Set down all of the data exactly. Pictures stay out of the copy.

::: DATA :::

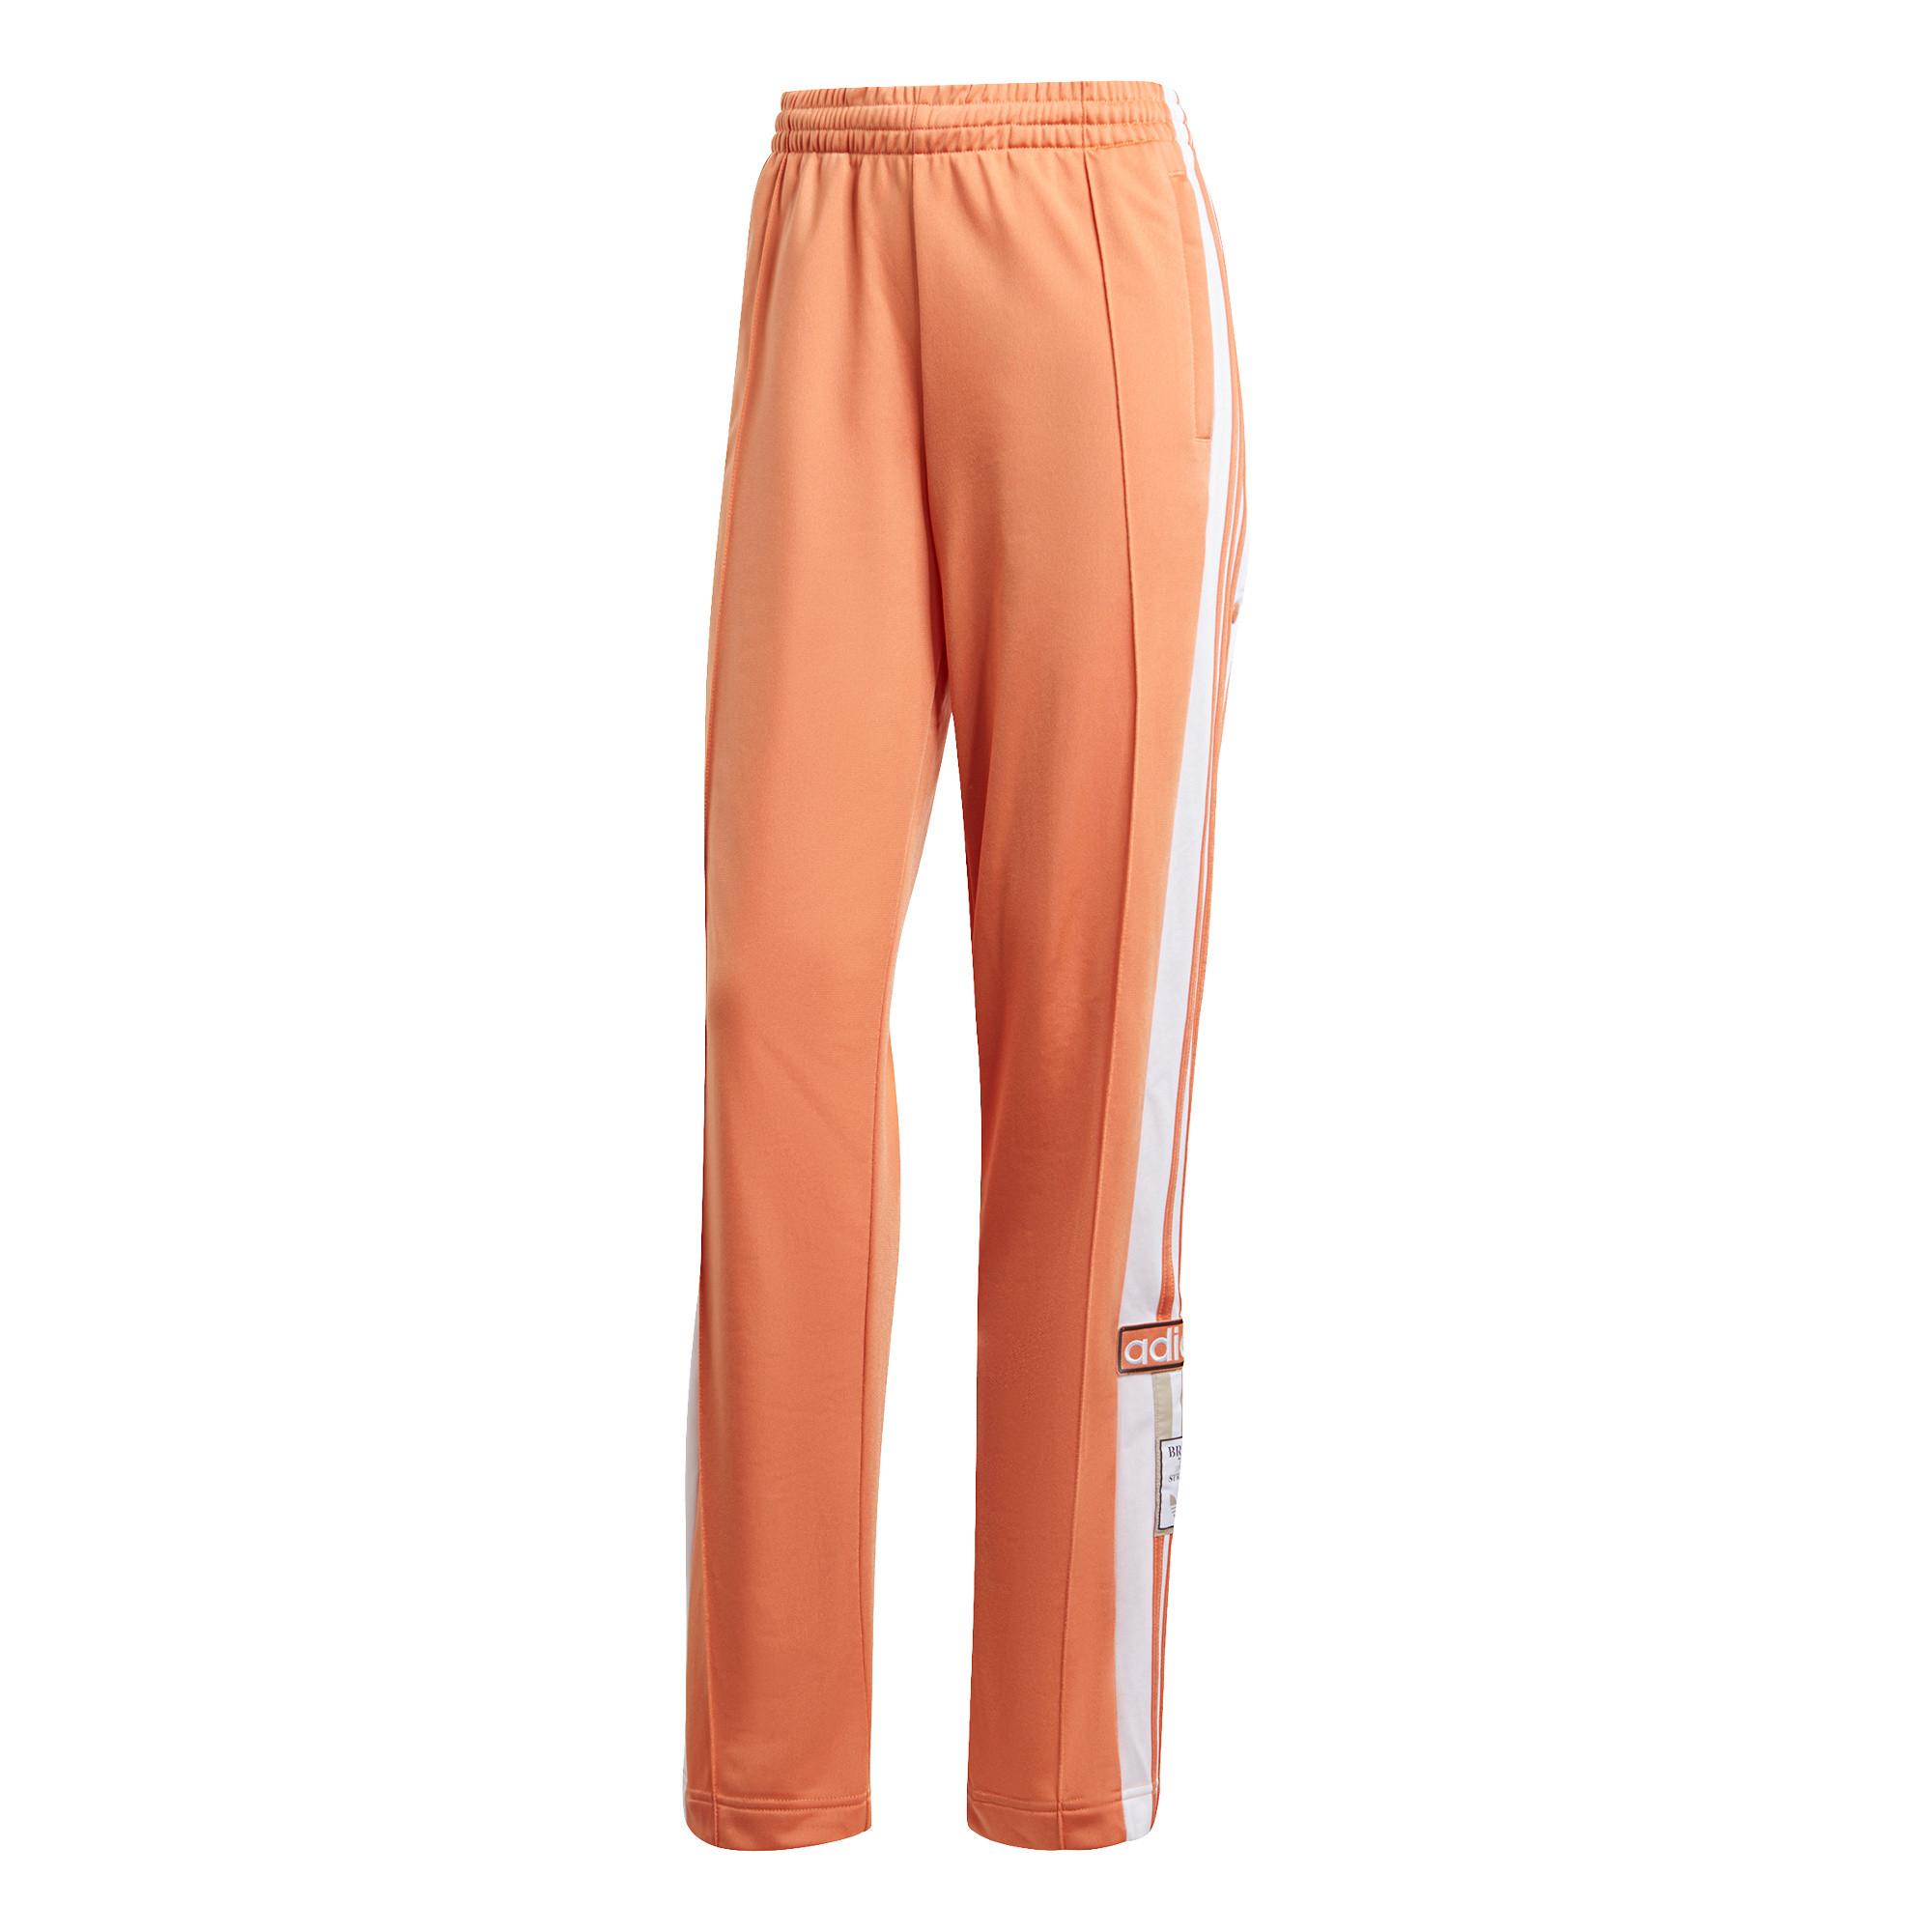 Pantaloni tuta adicolor Classics adibreak, Marrone bronzo, large image number 0
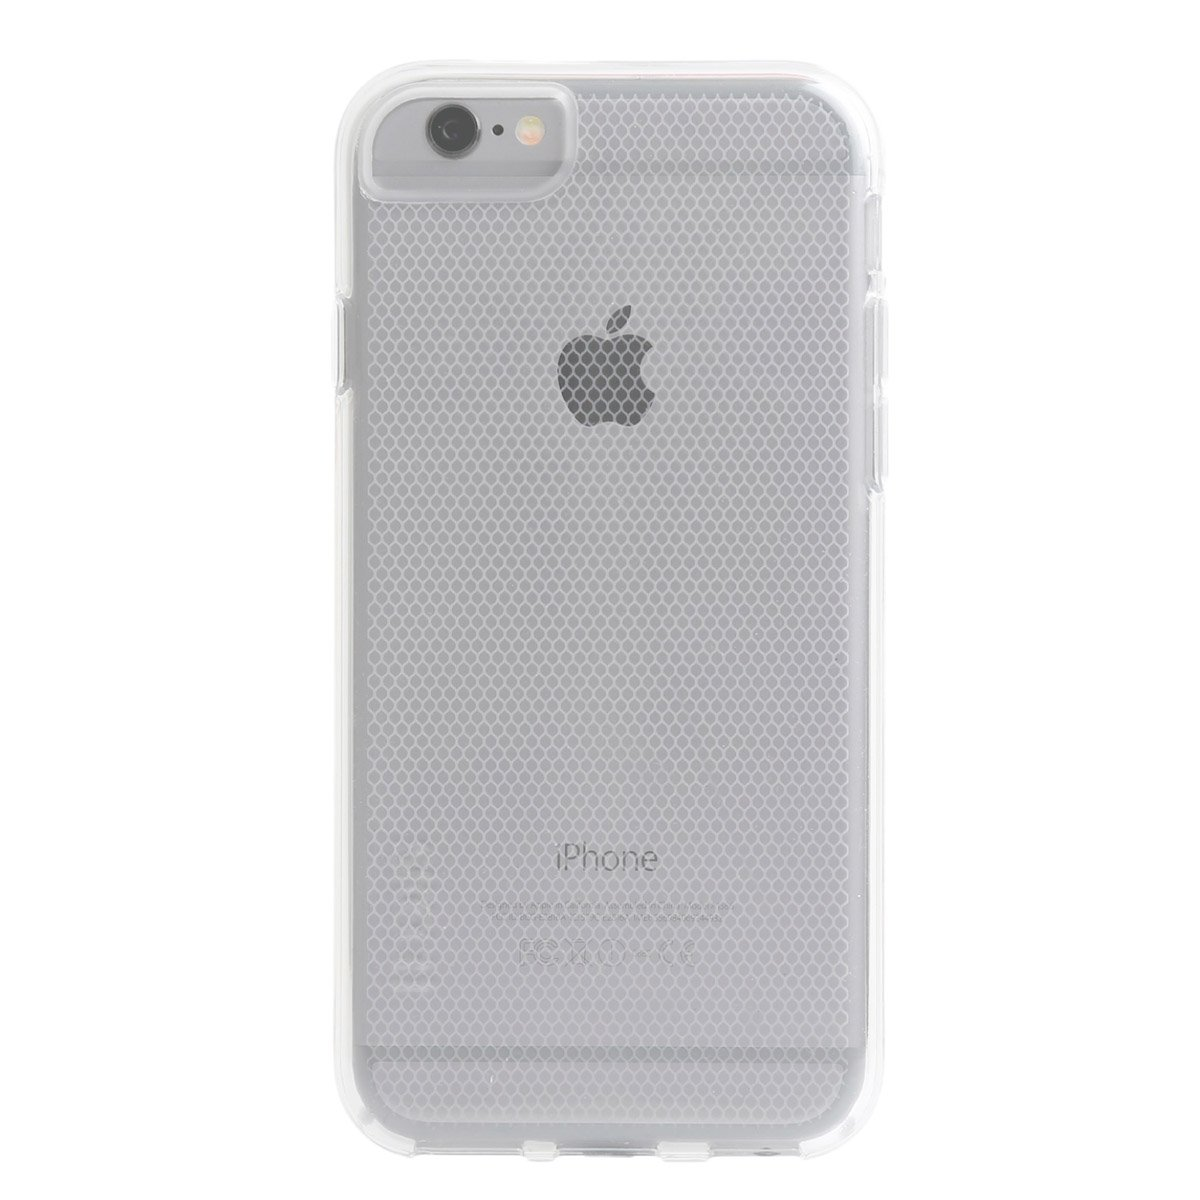 Funda para iphone 7 matrix transparente skech sears com mx me entiende - Fundas cargadoras para iphone ...
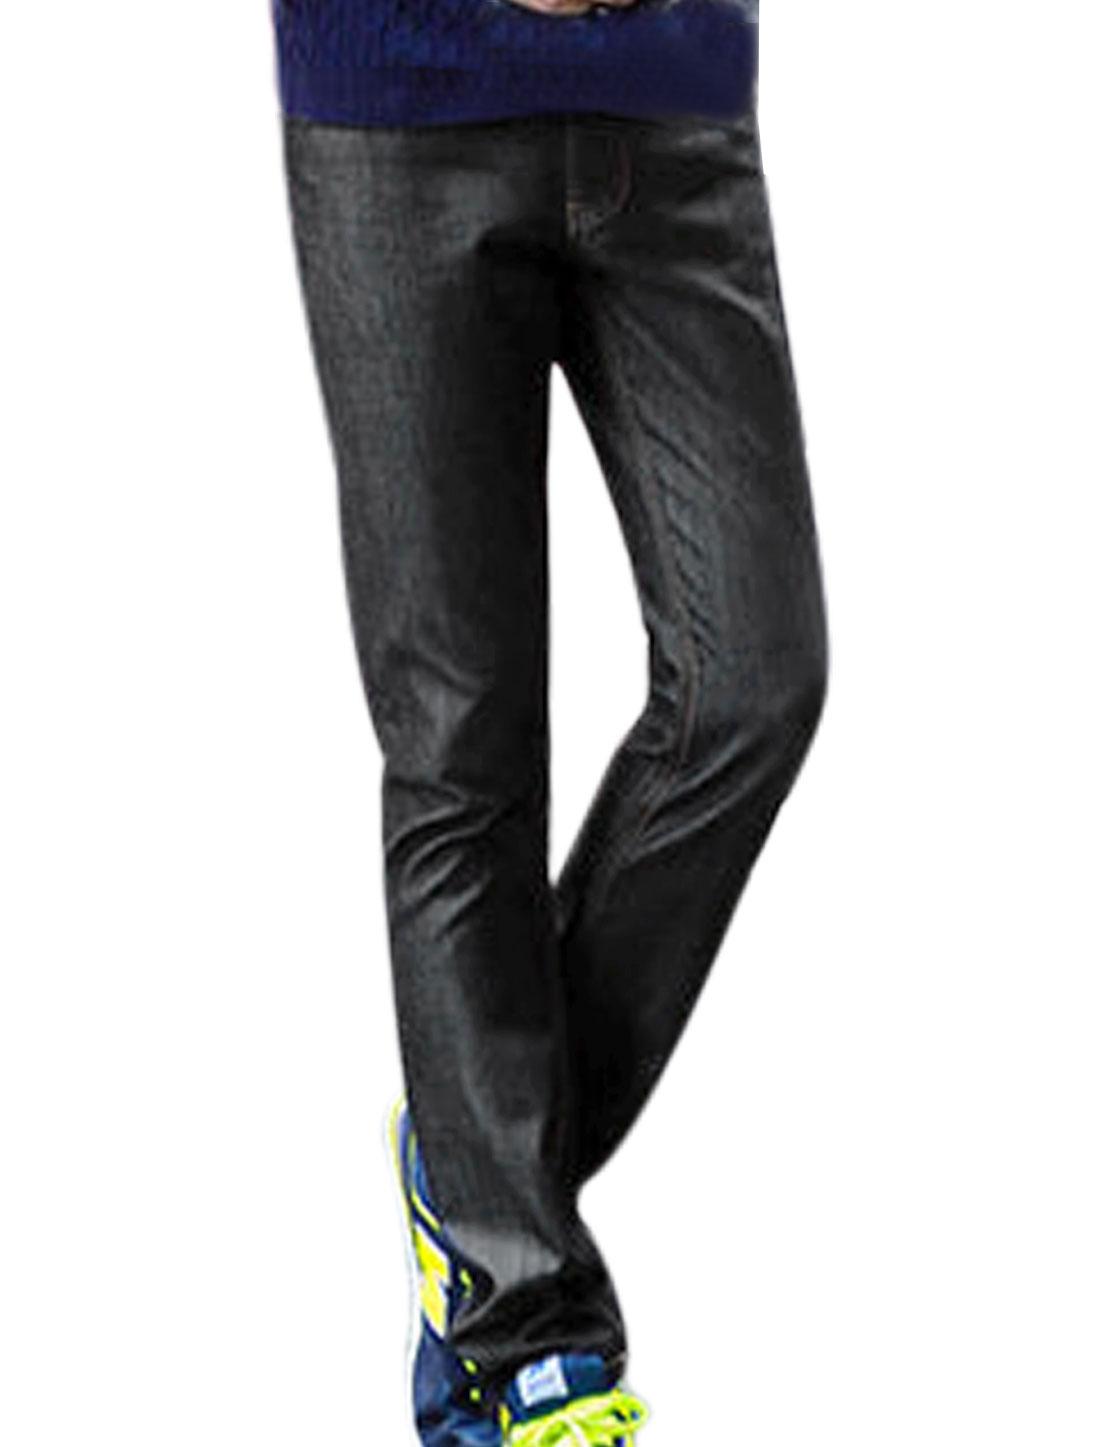 Men Black Mid Waist Belt Loop Zip Up Hip Pockets Fleece Lined Casual Jeans W34

:::

ANSWER =
 Pantaloni tuta adicolor Classics adibreak, Marrone bronzo, large image number 0
 Funda para iphone 7 matrix transparente skech sears com mx me entiende - Fundas cargadoras para iphone ...
 Men Black Mid Waist Belt Loop Zip Up Hip Pockets Fleece Lined Casual Jeans W34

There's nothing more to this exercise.